Our trip today had more twists and turns than usual.

We had Patrick Monaghan (the newest Dive Patrol instructor in the world), Amy M. and Roslyn (sp?) from the Northshore Frogmen and Bill Low on board, with Pete as crew.  The Captain marshalled his paperwork and I drove the boat.

First dive was at the sunny, east face of Egg Rock.  As we were anchoring, we saw Cape Ann Divers‘ big boat loading their divers back in.  I took care to move to the far end of the island.  Our anchor was in 35 feet of 59 degree water.  Visibility was super dooper up against the rock wall – 20-25 feet or more.  The tide was coming in and I felt its coldness was a wake-up call to watch the current’s direction.  It was easy to navigate because I had entered the deep, wide crevasse next to the wall.

I saw a group of pollack in mid-water about 1/2 way through the trench’s length.  Patrick reported seeing a very big flounder down a crack and an aggressive fish with large teeth as well.  We guessed it was a blue fish from his description.

As we loaded everyone on board, they agreed the site was an amazing one.

For seconds, I moved us to the back side of Kettle Island, just a little way away.  Here I got a second dive in from my first tank and videoed some decorator crab action on an abandoned lobster trap.

Good visibility, but there was a lost camera involved.  Not mine, but one belonging to a customer.

Then we got boarded by the Environmental Police.  Everything checked out OK and they left to check on a small lobster boat with a very nice older gentleman at the helm.

Then we pulled anchor to return to the marina and I felt the boat’s speed drop quickly without my having touched the throttle.
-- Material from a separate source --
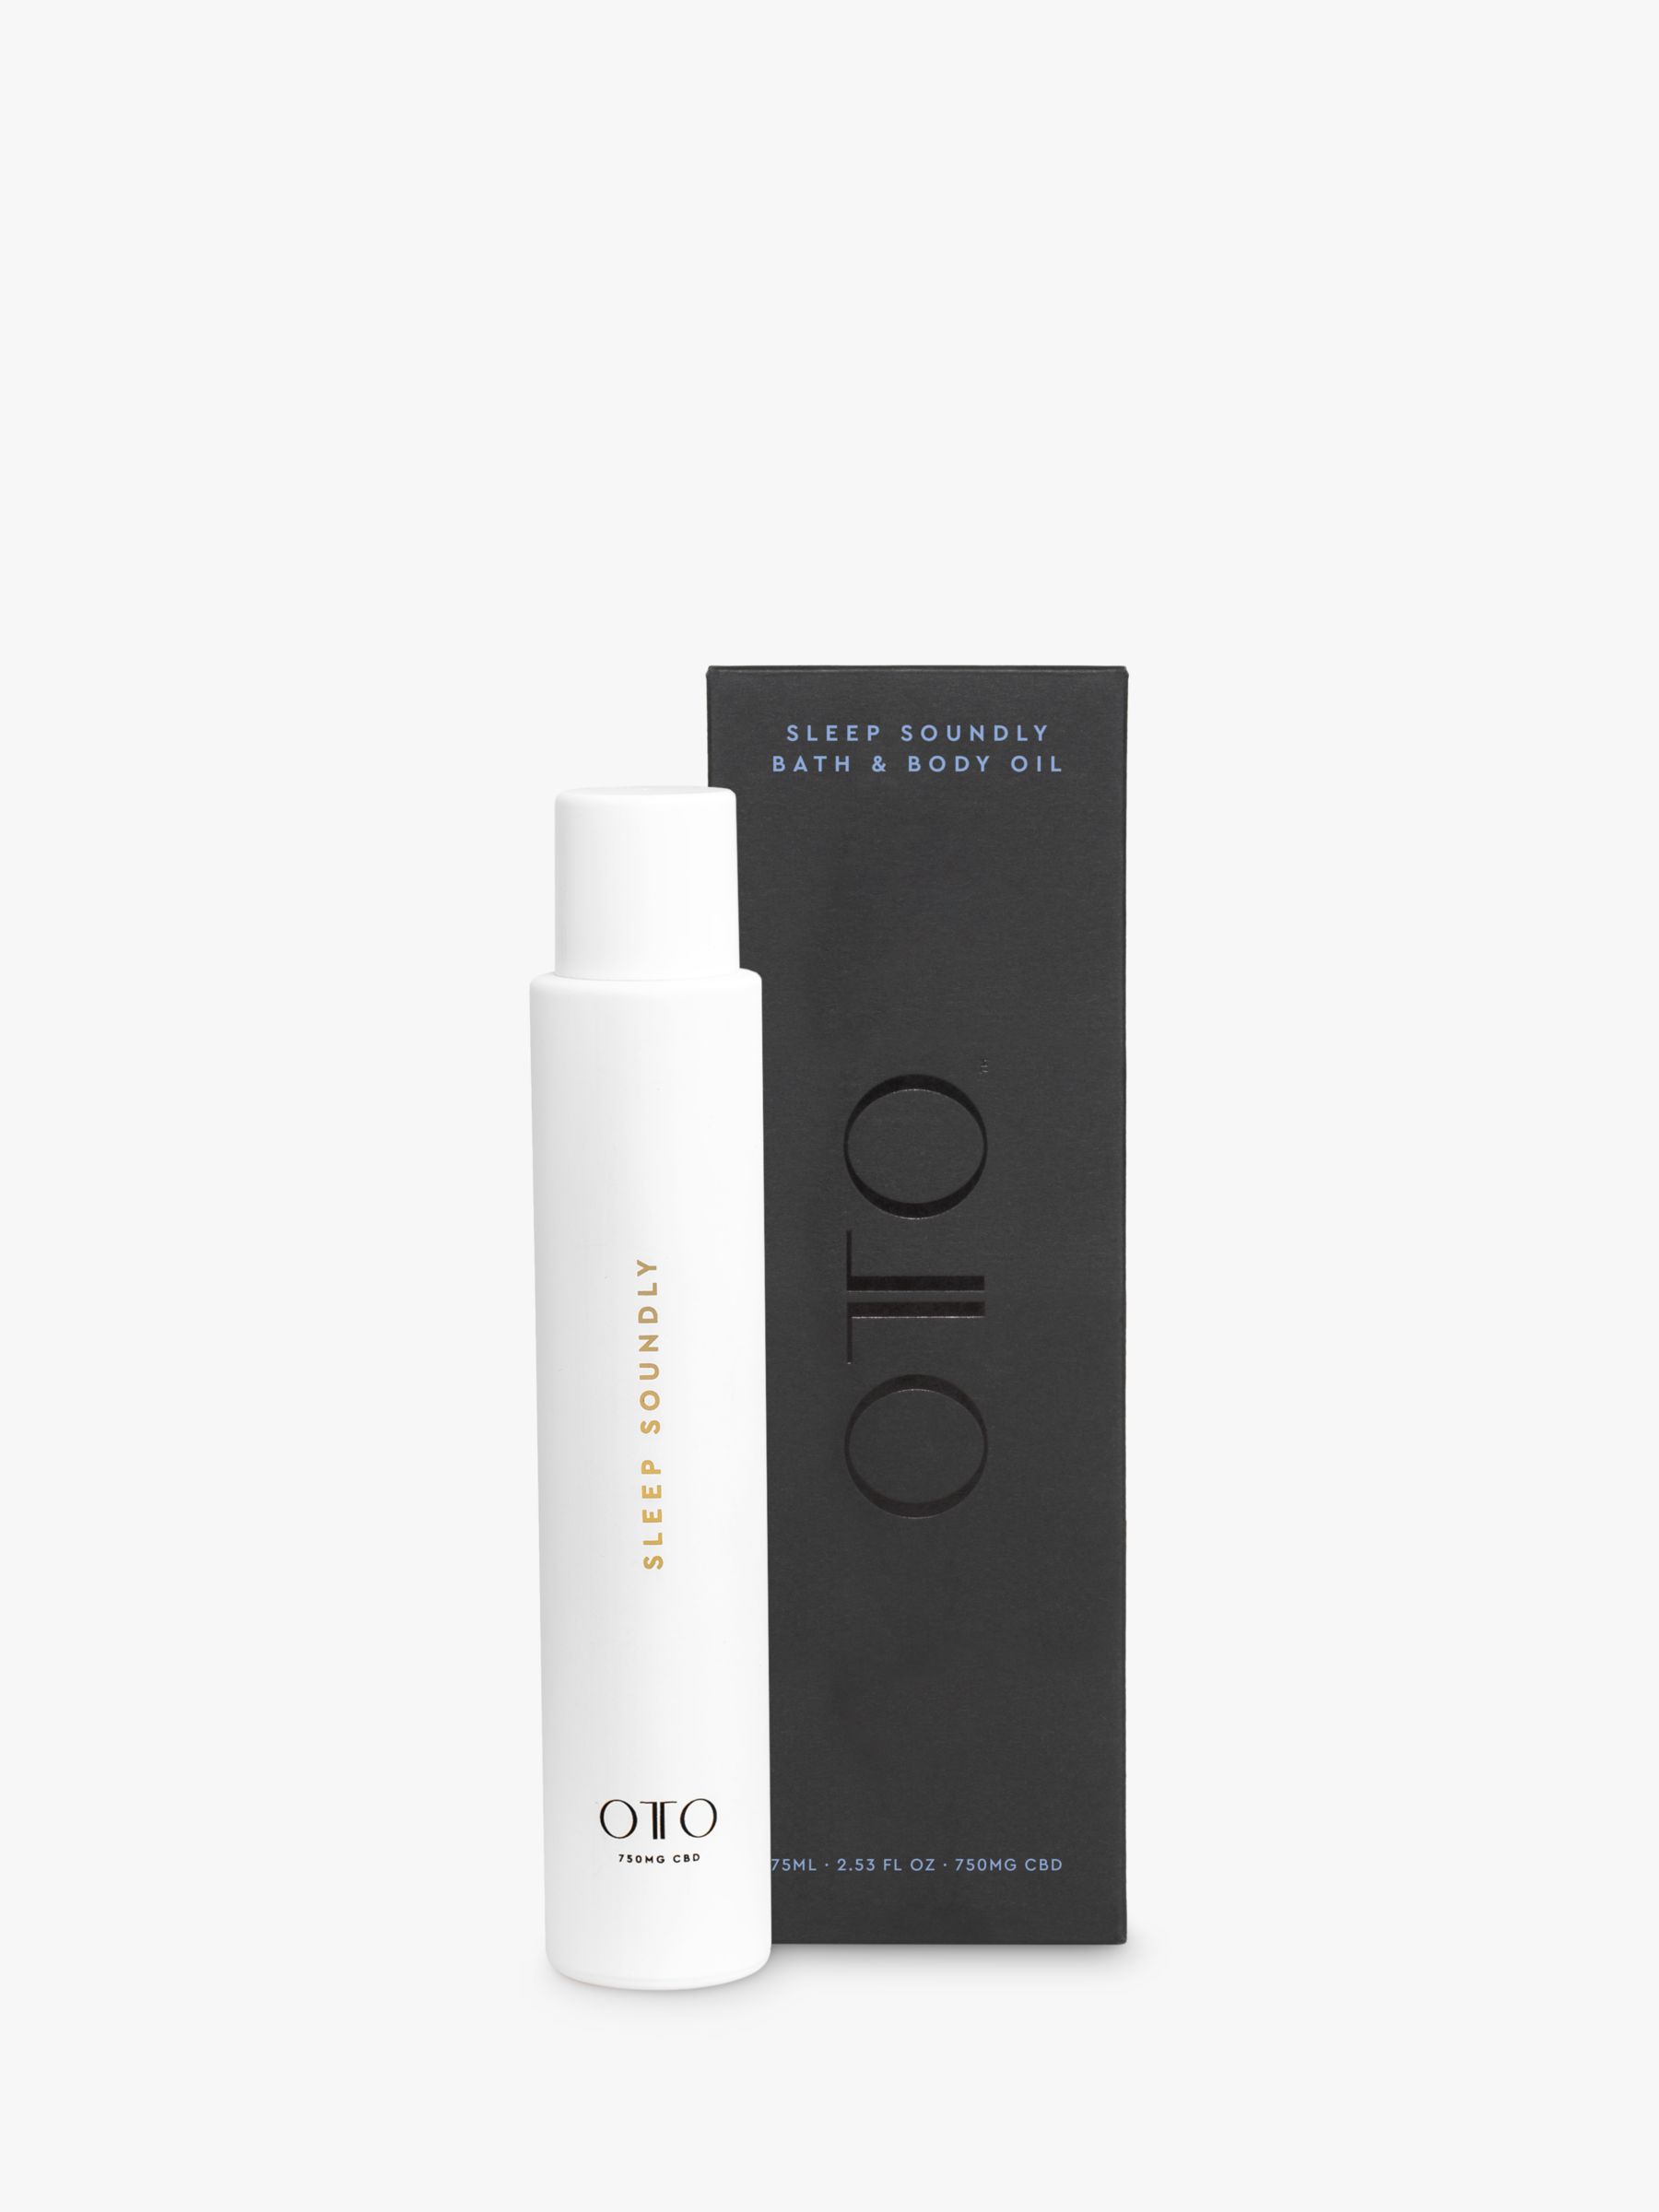 OTO Sleep Soundly Bath and Body Oil, 75ml
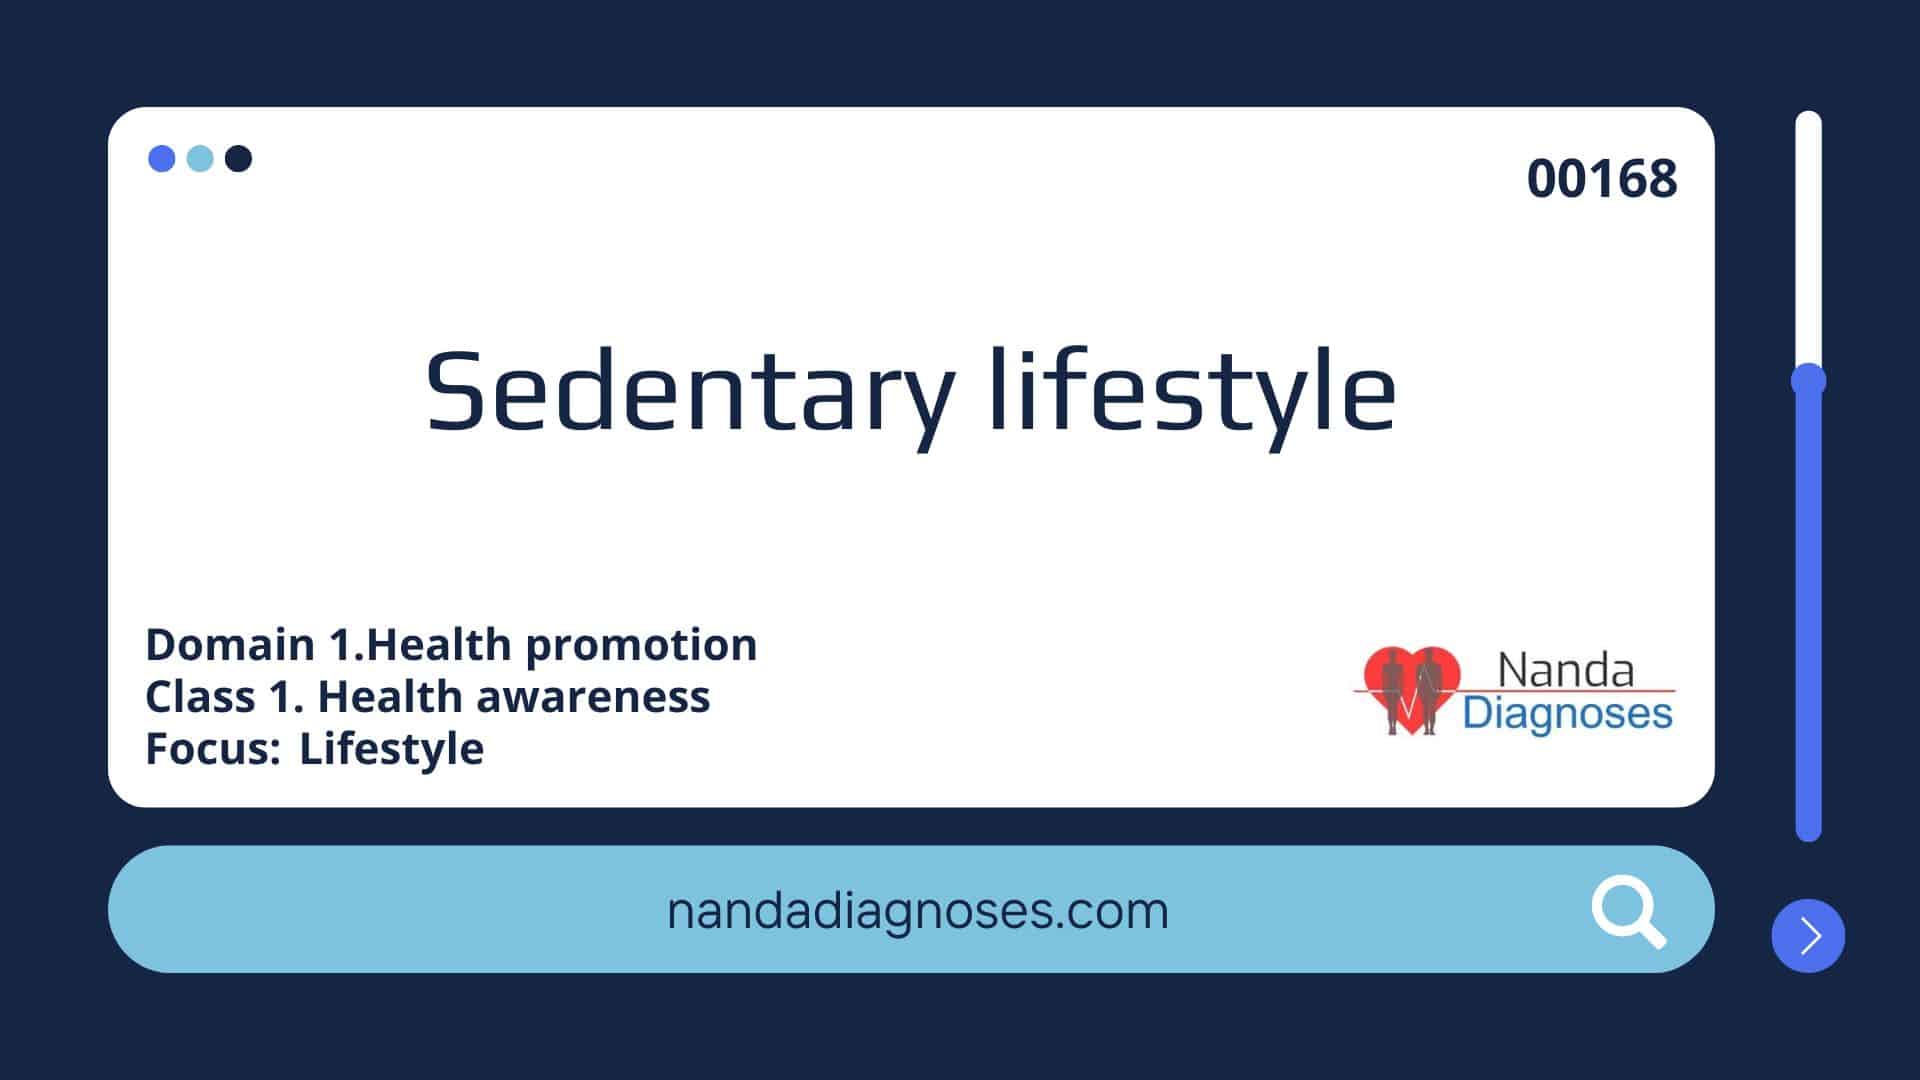 Nursing diagnosis Sedentary lifestyle

Rut row.  The Captain had me go into reverse and we heard, “thump, thump” against the bottom of the hull.  Double rut row.

Patrick volunteered to dive under and see what was up.  In only his bathing suit.

He confirmed that we’d picked up a lot of line.

Amy volunteered her still set up tank and he held it under his arm, wearing flippers I grabbed from the rack that didn’t fit over his heels, to dive with a knife and attack the snarl.  Good on ya, mate.

Several minutes later he surfaced with a wad of blue and white polypropylene line and the remains of a float (the source of the thumps).

Then we started again for home.

Customer were hustled off as quickly as possible, because we were going to an aerial shoot of the boat at the Dry Salvages.  I believe Amy M. left her camera case on board.

Thanks to Charlotte Richardson and Devon Wiebe, I was treated to an airplane ride to the site while Pete and The Captain motored there via the traffic jam that was the Annisquam River.

Here are some shots that Charlotte took:

Busy Sunday on the Annisquam River by Charlotte Richardson

Busy Sunday on the Annisquam River by Charlotte Richardson

Pete Driving Easy Diver

Pete Driving Easy Diver

We tumbled into bed early from all the fun we’d had today.  That’s why I’m writing this post on Monday morning.

One Response to “Adventure-ville”

  1. Veronica Says:

    Whoa! What a day! :-0
    Good for Patrick “saving the day”. 🙂
    Wicked cool shots done by Charlotte. You had nonstop adventure!